For most employees the sensible answer isn't either/or. Use the employer's group cover as your foundation (it's the best value), and consider a personal top-up or policy for continuity and for the 80D benefit on what you choose to pay yourself.
A worked example
Consider a mid-sized company and one of its employees. (Figures below are illustrative and rounded for clarity; they are not current-year tax tables.)
The company pays an annual group health premium of, say, ₹8,000 for this employee's base cover. The company treats that ₹8,000 as a business expense, reducing its taxable profit. The employee receives the cover, pays nothing, and the ₹8,000 is not added to their taxable salary.
The same employee decides their family needs more protection, so they buy a voluntary top-up through the company's platform and pay ₹4,000 for it from their own pocket. That ₹4,000 is the employee's own health insurance expense — and so it can typically be claimed under Section 80D, subject to the applicable limit.
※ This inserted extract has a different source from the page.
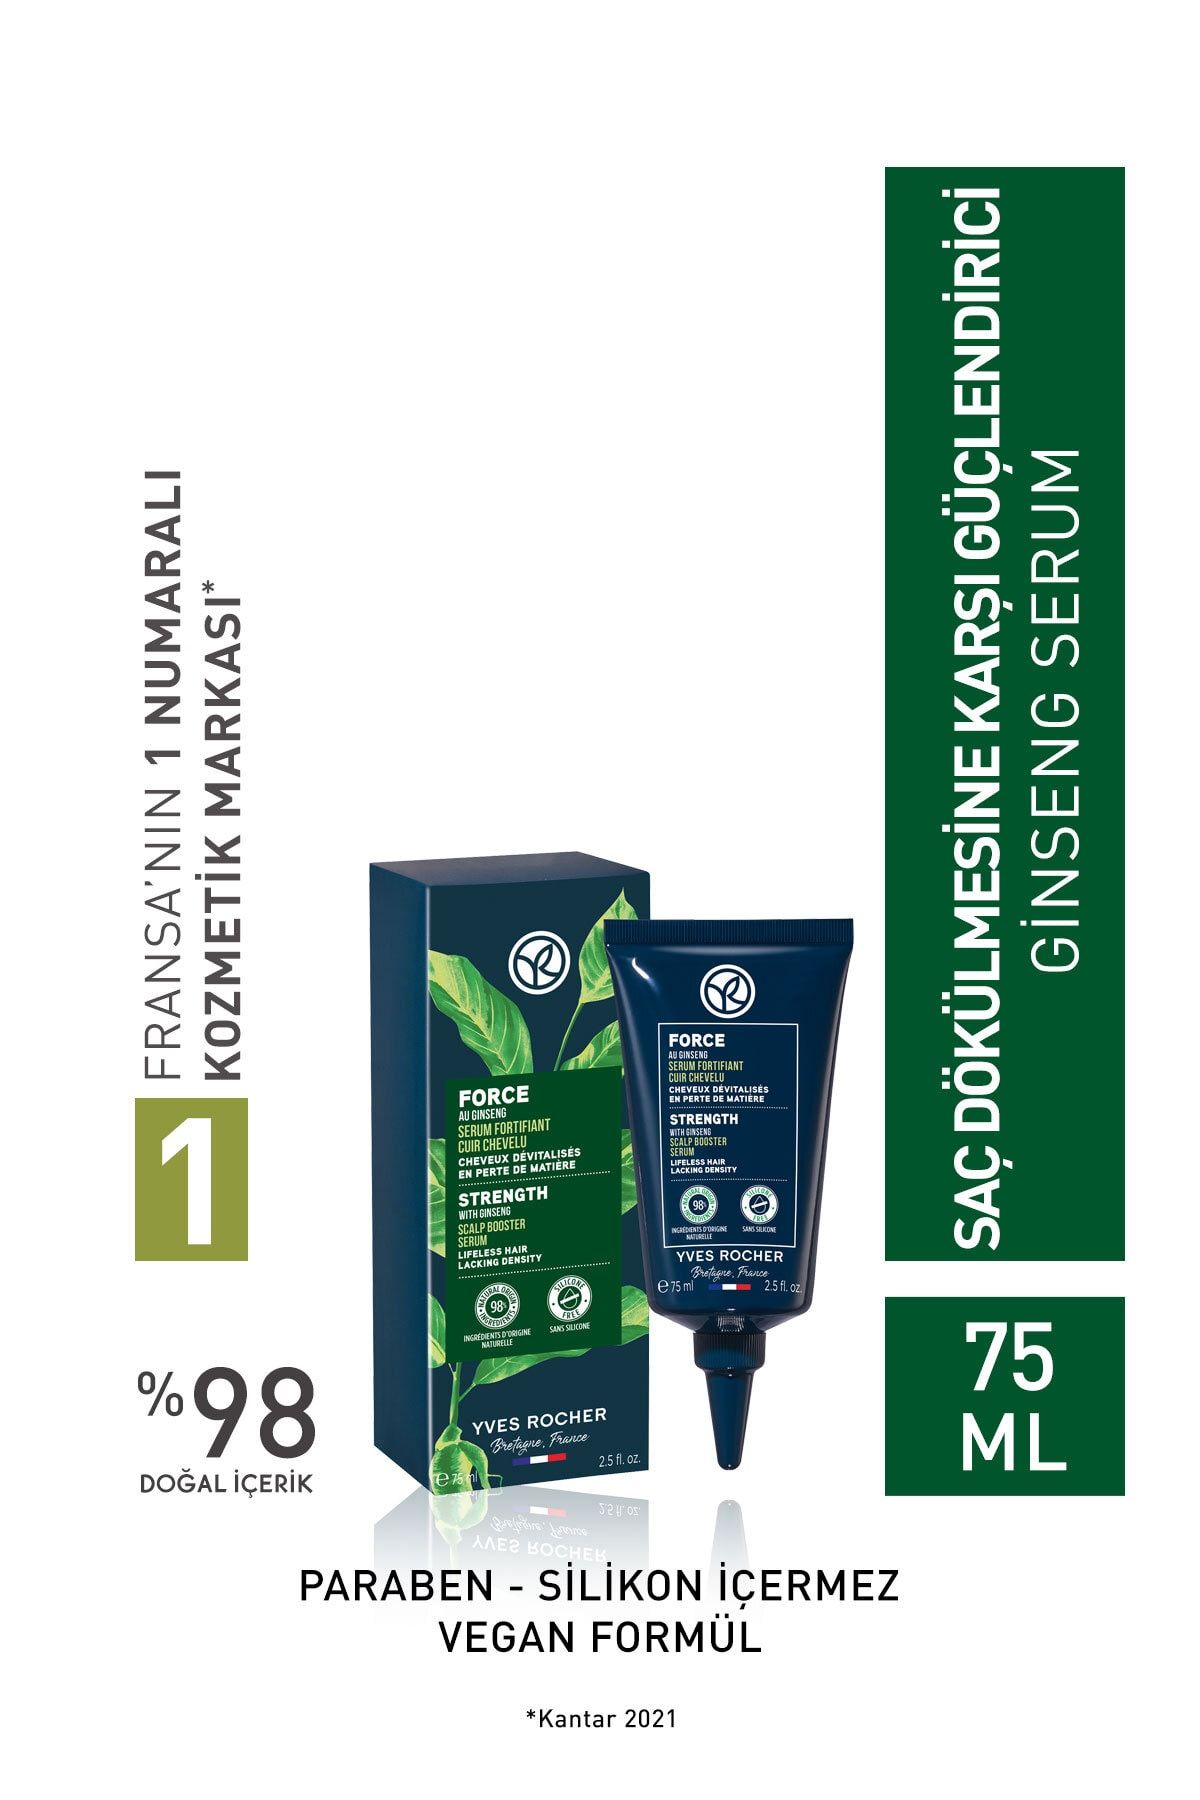 Yves Rocher Saç Dökülmesine Karşı (Anti- Chute) Güçlendirici Ginseng Serum - Vegan-75 ml

Net result: the company deducts the base premium as a business cost, the employee enjoys untaxed base cover, and the employee separately gets an 80D deduction on the part they chose to fund themselves. Everyone uses the route available to them.
FAQs
Is group health insurance tax-free for employees?
In most cases, yes — the premium an employer pays for group health cover is generally not treated as a taxable perquisite, so it isn't added to the employee's taxable income. The employee can't claim an 80D deduction on it, but they also aren't taxed on it.
Can I claim 80D if my company pays my health insurance?
No. Section 80D requires that you paid the premium. If your employer paid it, there's no expense in your hands to deduct. You can claim 80D only on premiums you pay yourself, such as a voluntary top-up or a personal policy.
Is employer-paid health insurance a taxable perquisite in India?
Generally no. Employer-paid group health insurance premiums are typically not treated as a taxable perquisite for the employee. Confirm the current-year position with a tax advisor, as perquisite rules can change.
Can I claim 80D on a top-up I bought on top of my company policy?
Usually yes, if you paid for the top-up yourself. Because the top-up premium is your own expense, it typically qualifies under Section 80D within the applicable limit.
Can employers claim a tax deduction on group health insurance premiums?
Yes, but not under Section 80D — that section is for individuals. Employers generally claim group health premiums as a deductible business expense, which reduces the company's taxable profit.
Does adding my parents to the company policy give me a tax benefit?
Only to the extent you pay for it yourself. If you personally fund the cost of adding your parents, that premium may qualify for 80D under the rules for parental cover. If the employer fully funds it, there's no deduction for you.